First thing when seeing it I said to myself: "Hot damn, check out the sexy back on that one! Ya know I'm not talkin' hooey!". Then I proceeded to knock the rear hood, hoping to find out how much horses this baby has underneath that nice red booty. Well, for the first time in my life, the knocking brought no information. Not a single thing!
You can imagine the fact that I was furiously angry about it, this had never happened to me! Whenever I would knock on the hood of a car I would instantly know what type of engine it has, how much power it delivers and all kinds of technical stuff. This time I received no feedback whatsoever!
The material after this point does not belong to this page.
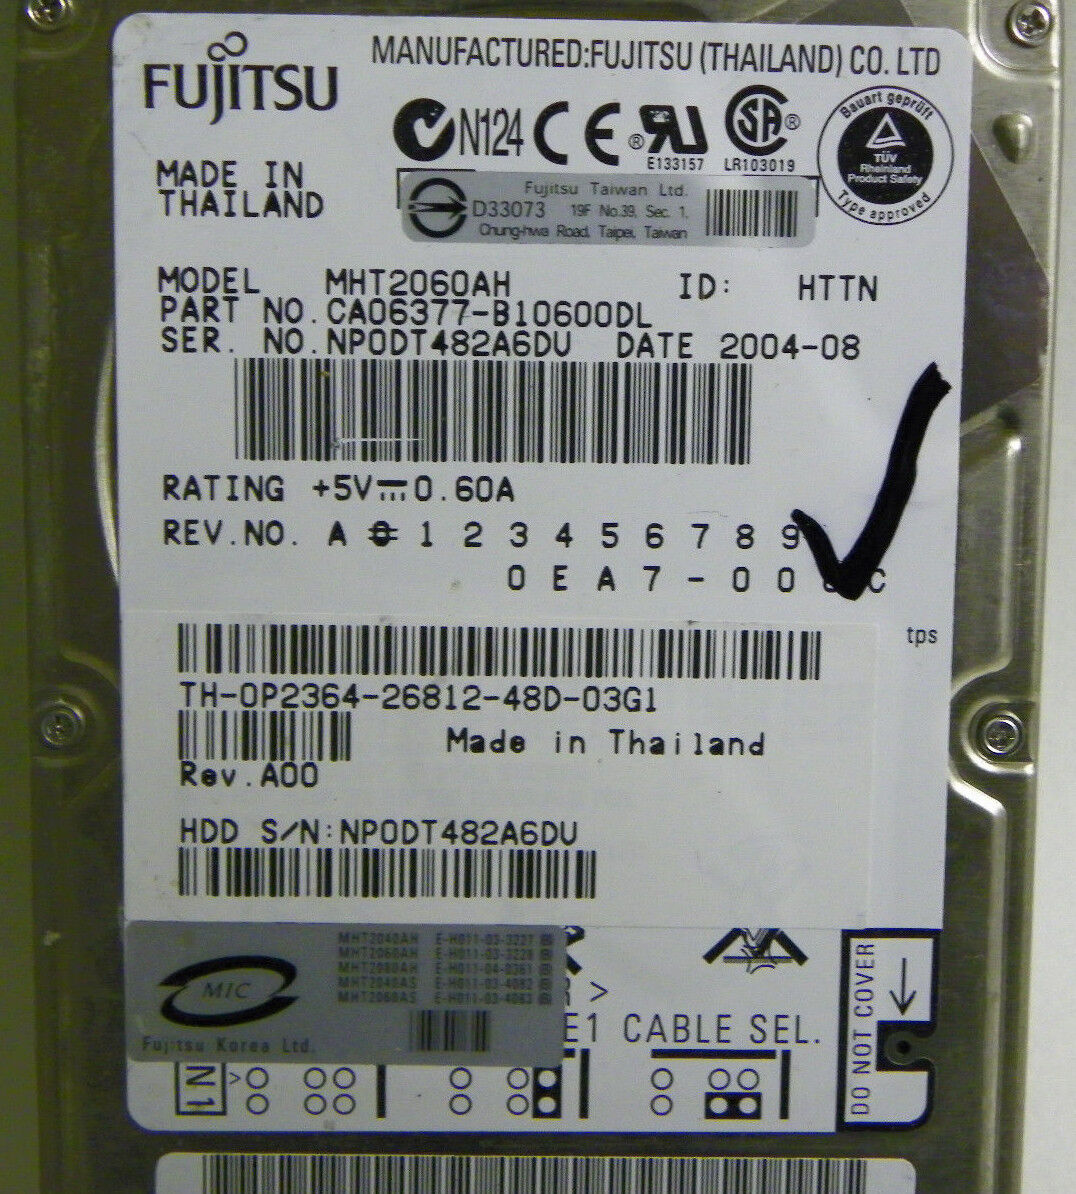 60GB Fujitsu MHT2060AH Laptop IDE Hard Drive P/N CA06377-B10600DL DP/N 0P2364

The plot thickened after I opened both hoods and realized that the engine was never to be seen! With a candid camera face I was then instructed about the fact that the Porsche Cayman has the engine positioned right in the middle of the car, behind the seats. I gotta admit, it had me fooled for a minute or so, and that only happens to me when I drink too much moonshine from my colored neighbor Jethro.
All in all, this is a pretty well-made car, it goes fairly fast and it looks like a million. The only problem that I can find with it is that fact that I have no roads to drive it on here in the wilderness. In conclusion, the only Porsche I would buy if I won the lottery would probably be the Cayenne, at least with that I wouldn't have to worry about scraping the undercarriage at every bump on the road.